Under nonstandard conditions, cell potential depends on concentrations of the active species, and you justify changes using Q relative to K, not Le Châtelier's principle.
A thermodynamically unfavorable redox reaction can still be driven forward by external energy, which is exactly what happens in electrolysis and battery charging.
A redox reaction is a chemical change where electrons transfer between species, changing their oxidation states. It consists of an oxidation half-reaction (electron loss) and a reduction half-reaction (electron gain), covered in Topic 4.9 and used throughout Unit 9 electrochemistry.
No. Electrons that one species loses must go somewhere, so another species must gain them. Oxidation and reduction always occur together, which is why the balanced equation requires electrons lost to exactly equal electrons gained.
Redox transfers electrons and changes oxidation states; acid-base transfers protons (H⁺) and leaves oxidation states unchanged. To tell them apart on the exam, assign oxidation numbers. If nothing changes, it's not redox.

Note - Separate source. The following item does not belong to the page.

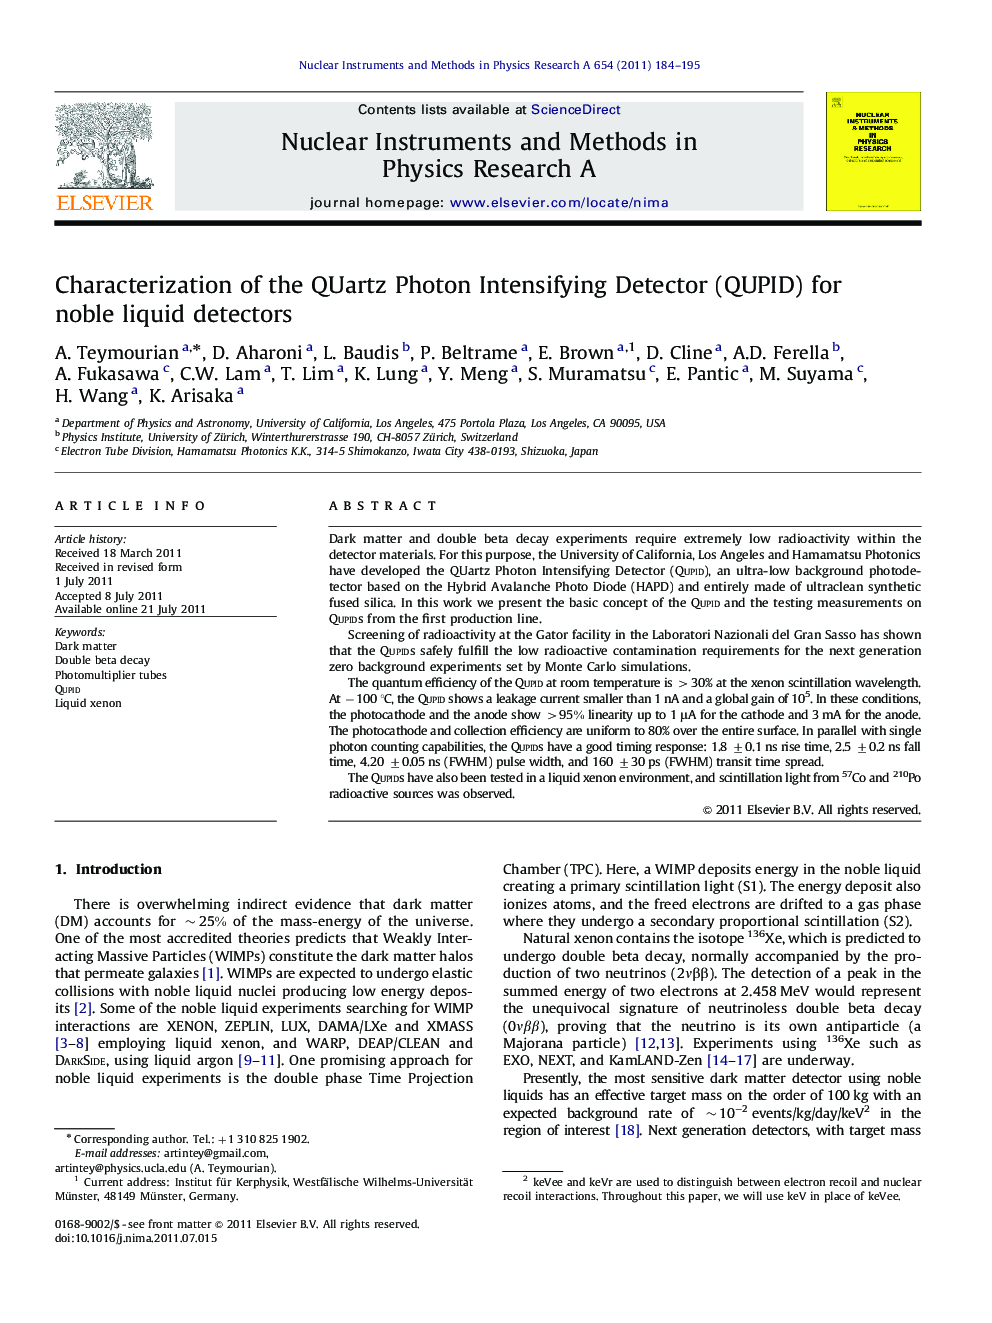 Characterization of the QUartz Photon Intensifying Detector (QUPID) for noble liquid detectors
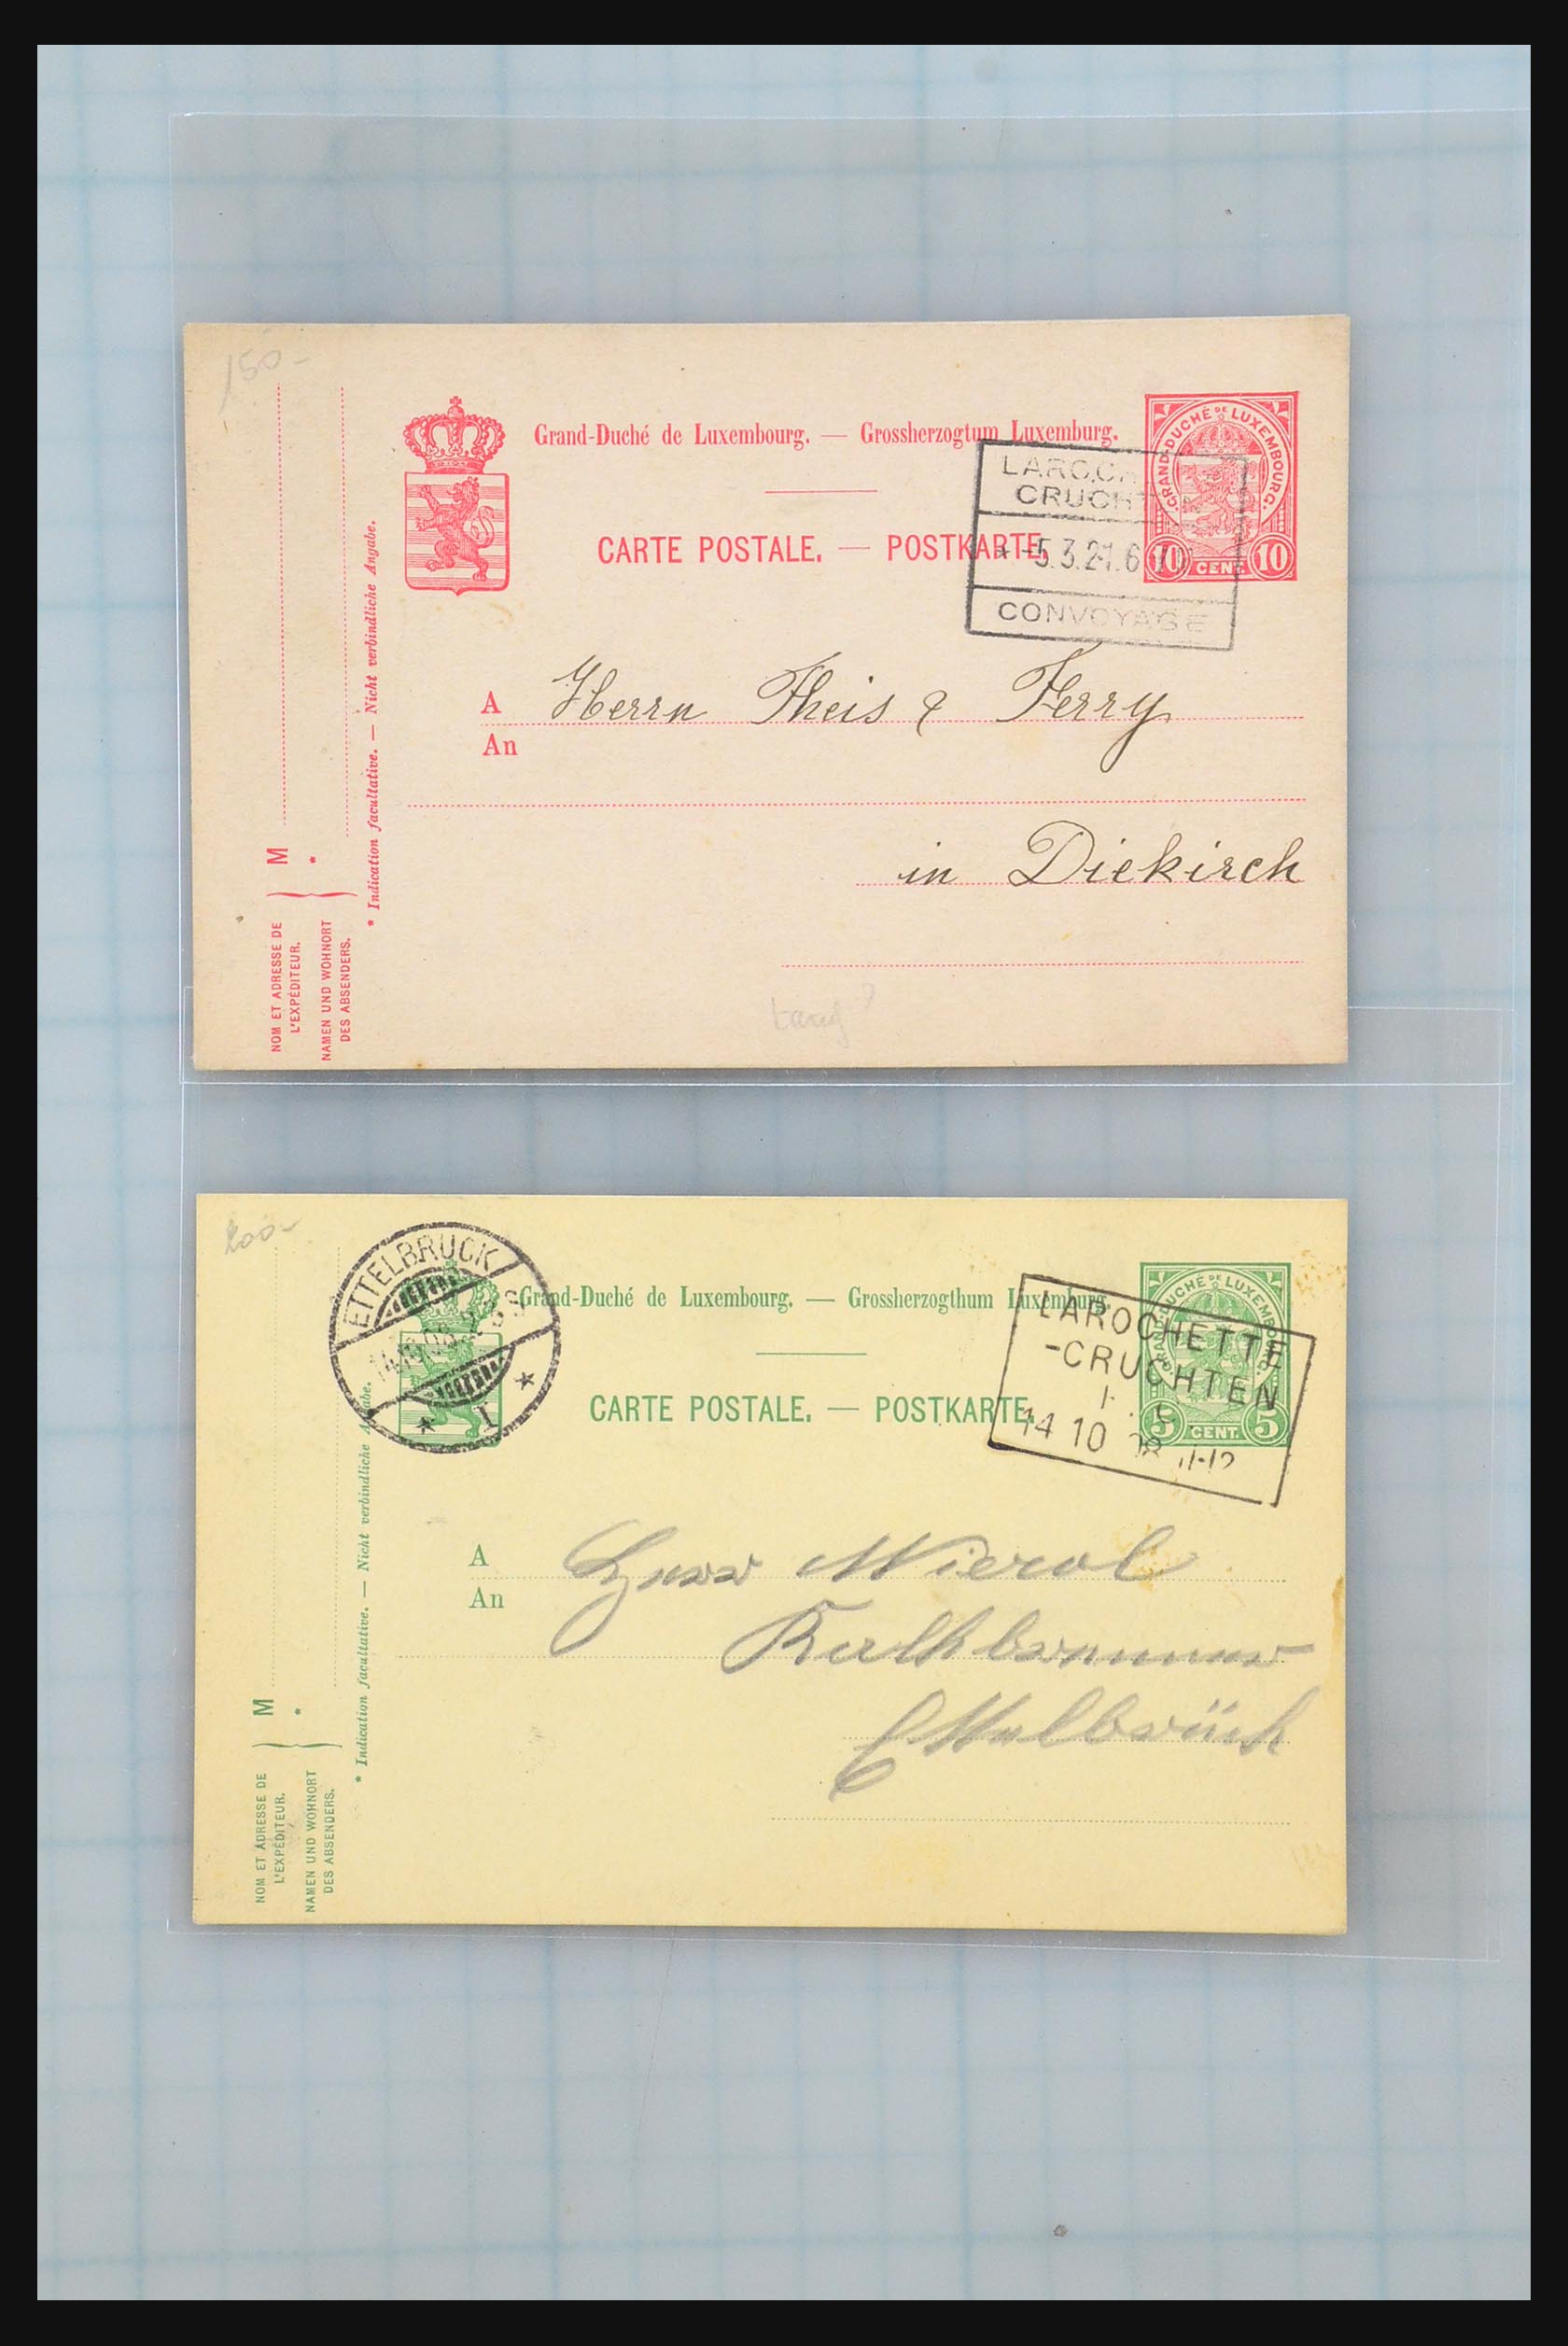 31358 052 - 31358 Portugal/Luxemburg/Griekenland brieven 1880-1960.

Yes, two ways. Under nonstandard conditions, concentration changes can shift the cell potential positive (Topic 9.10), and an external energy source like applied voltage can force the reaction forward, which is exactly how an electrolytic cell works (9.7.A.1).
Split the reaction into oxidation and reduction half-reactions, balance atoms and charge in each (adding H₂O, H⁺, and electrons in acidic solution), multiply so electrons cancel, then add the halves together. This is the method LO 4.9.A expects.